Imaging the Migraine Brain Pre- and Post-Erenumab

The study will include 50 participants with migraine aged 18-65 years who have 10-25 migraine
days per month at baseline. Following a 4-week headache diary run-in phase, participants will
receive two treatments with once monthly subcutaneous injections of erenumab 140 mg.
Questionnaires, structured interviews, cognitive tests, quantitative sensory testing and
brain imaging will be performed prior to and following erenumab treatment. These data will be
collected at early time points after the first treatment as well as at eight weeks following
the first treatment to allow for identification of early and late effects of erenumab on
clinical, physiologic, and imaging outcomes and to determine if early physiologic and imaging
outcomes predict clinical outcomes at eight weeks. Physiologic and imaging data will be
compared to already collected data from healthy controls so as to interpret changes that are
seen following treatment with erenumab.

Inclusion Criteria

- 18-65 years of age

- Episodic migraine (with or without aura) or chronic migraine according to the
diagnostic criteria included within the International Classification of Headache
Disorders 3 (ICHD-3)

- 10-25 migraine days per month on average over the 3 months prior to screening,
confirmed by run-in phase prospective data collection

- Duration since migraine onset of at least 12 months prior to screening based on
medical records and/or patient self-report

Exclusion Criteria

- Older than 50 years of age at migraine onset

- History of cluster headache or hemiplegic migraine

- Continuous headache pain (i.e. no pain-free periods of any duration during the one
month before screening)

- Opioid- or butalbital-containing analgesics on 6 or more days per month during the 2
months prior to the start of the baseline phase

- History of major psychiatric disorder such as schizophrenia and bipolar disorder

- History or evidence of any unstable or clinically significant medical condition, that
in the opinion of the investigator, would pose a risk to subject safety or interfere
with the study evaluation, procedures, or completion

- No therapeutic response in migraine prevention after an adequate therapeutic trial of
4 or more of the following medication categories: Category 1- divalproex sodium,
sodium valproate; Category 2- topiramate; Category 3- beta-blockers; Category 4-
tricyclic antidepressants; Category 5- venlafaxine or desvenlafaxine, duloxetine or
milnacipran; Category 6- flunarizine, verapamil; Category 7- lisinopril, candesartan;
Category 8- botulinum toxin. No therapeutic response is defined as no reduction in
headache frequency, duration, or severity after administration of the medication for
at least 6 weeks at the generally accepted therapeutic dose(s) based on the
investigator's assessment. Lack of sustained response to a medication and failure to
tolerate a therapeutic dose are not considered to be "no therapeutic response".

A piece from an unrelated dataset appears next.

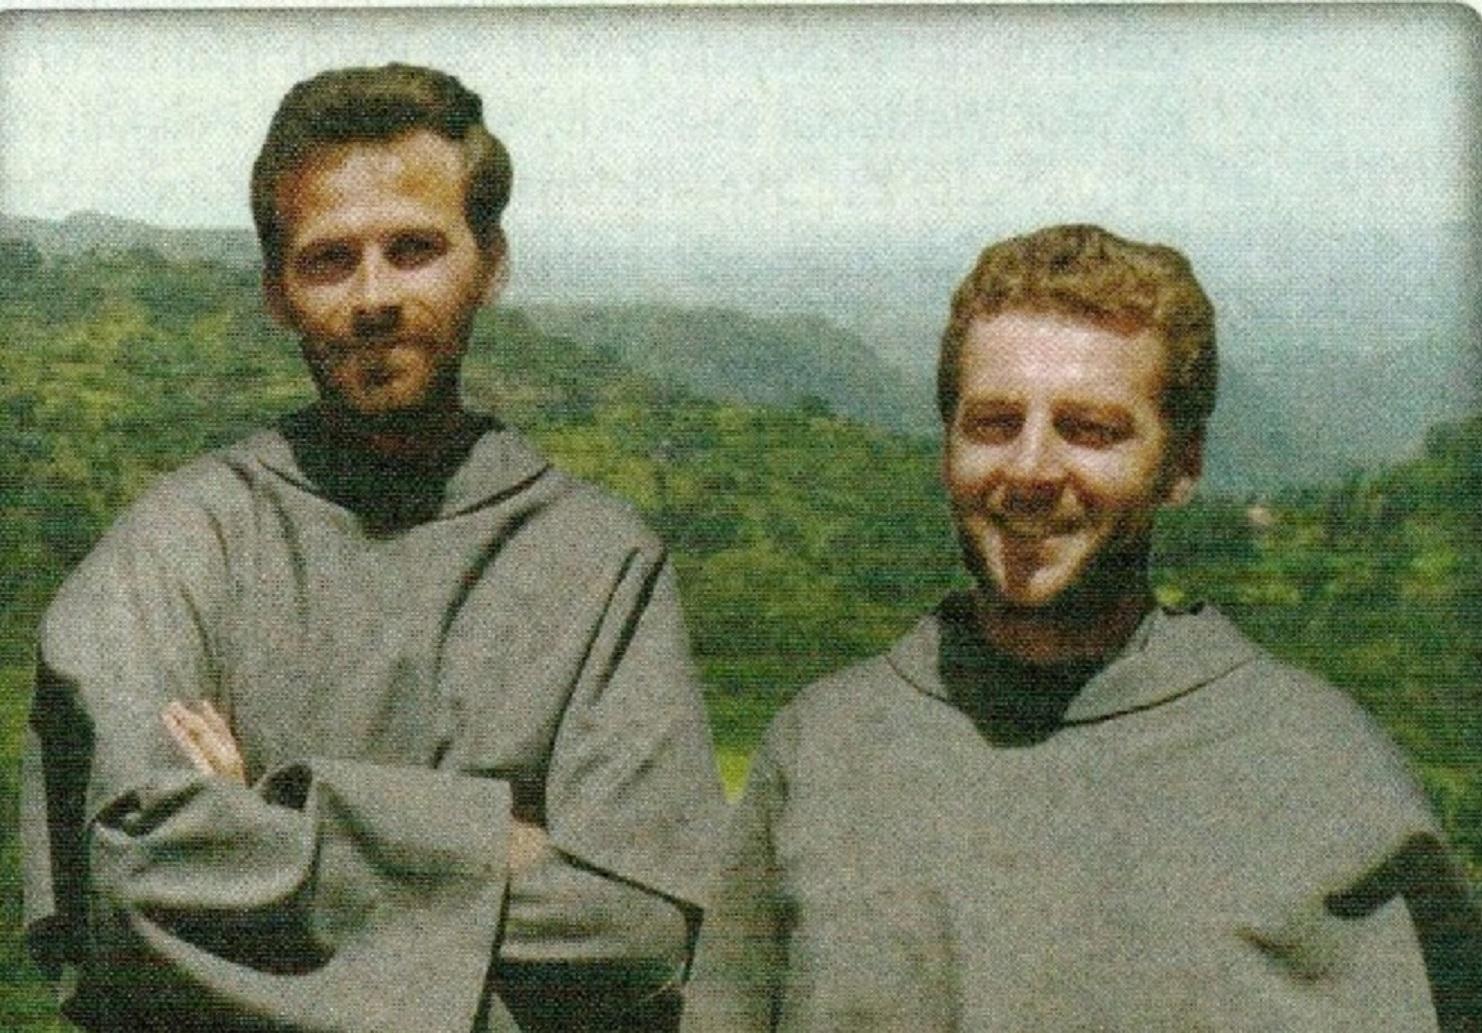 Father Michal Tomaszek and father Zbigniew Strzalkowski
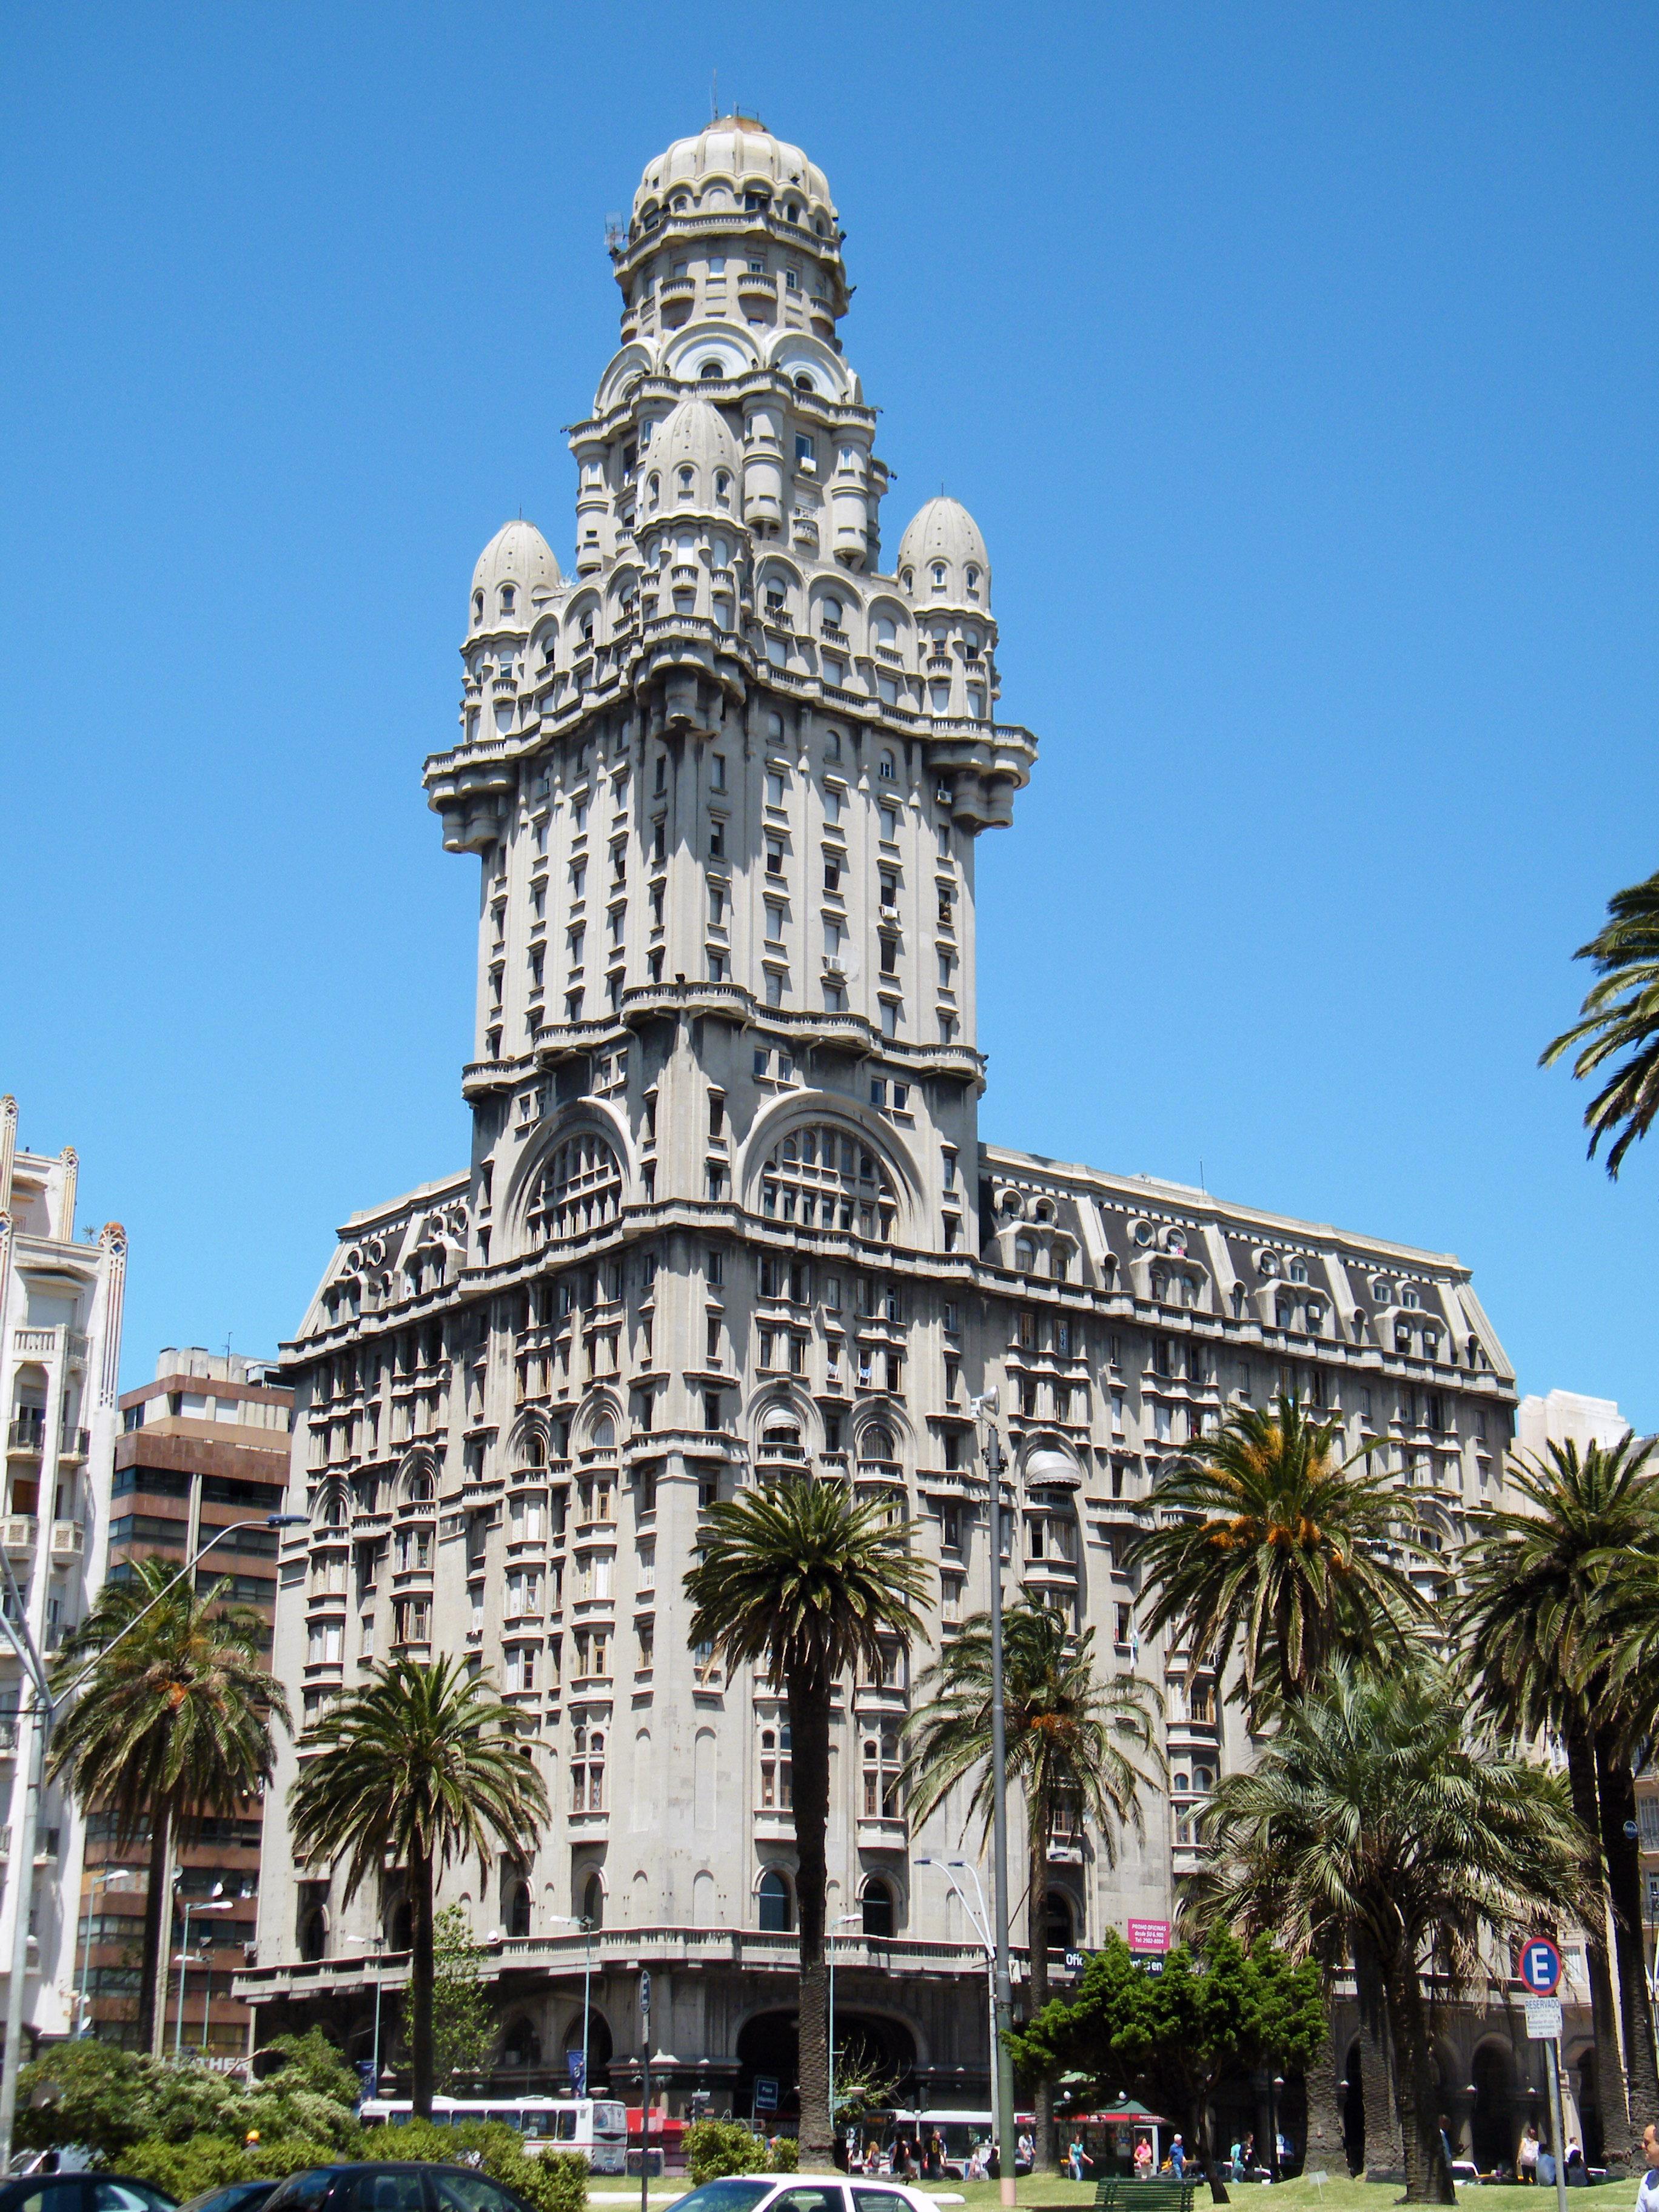 Palacio Salvo - Wikipedia, la enciclopedia libre

- Concomitant use of 3 or more of the following medications for migraine prevention
within 2 months before the start of the baseline phase or throughout the study:
divalproex sodium, sodium valproate, topiramate, carbamazepine, gabapentin,
beta-blockers, tricyclic antidepressants, venlafaxine, desvenlafaxine, duloxetine,
milnacipran, flunarizine, verapamil, lomerizine, lisinopril, candesartan, clonidine,
guanfacine, cyproheptadine, methysergide, pizotifen, butterbur, feverfew, magnesium
(at least 600 mg per day), riboflavin (at least 100 mg per day). Use of up to two
medications is permitted as long as the dose has been stable for at least 2 months
before the start of the run-in phase and during the study.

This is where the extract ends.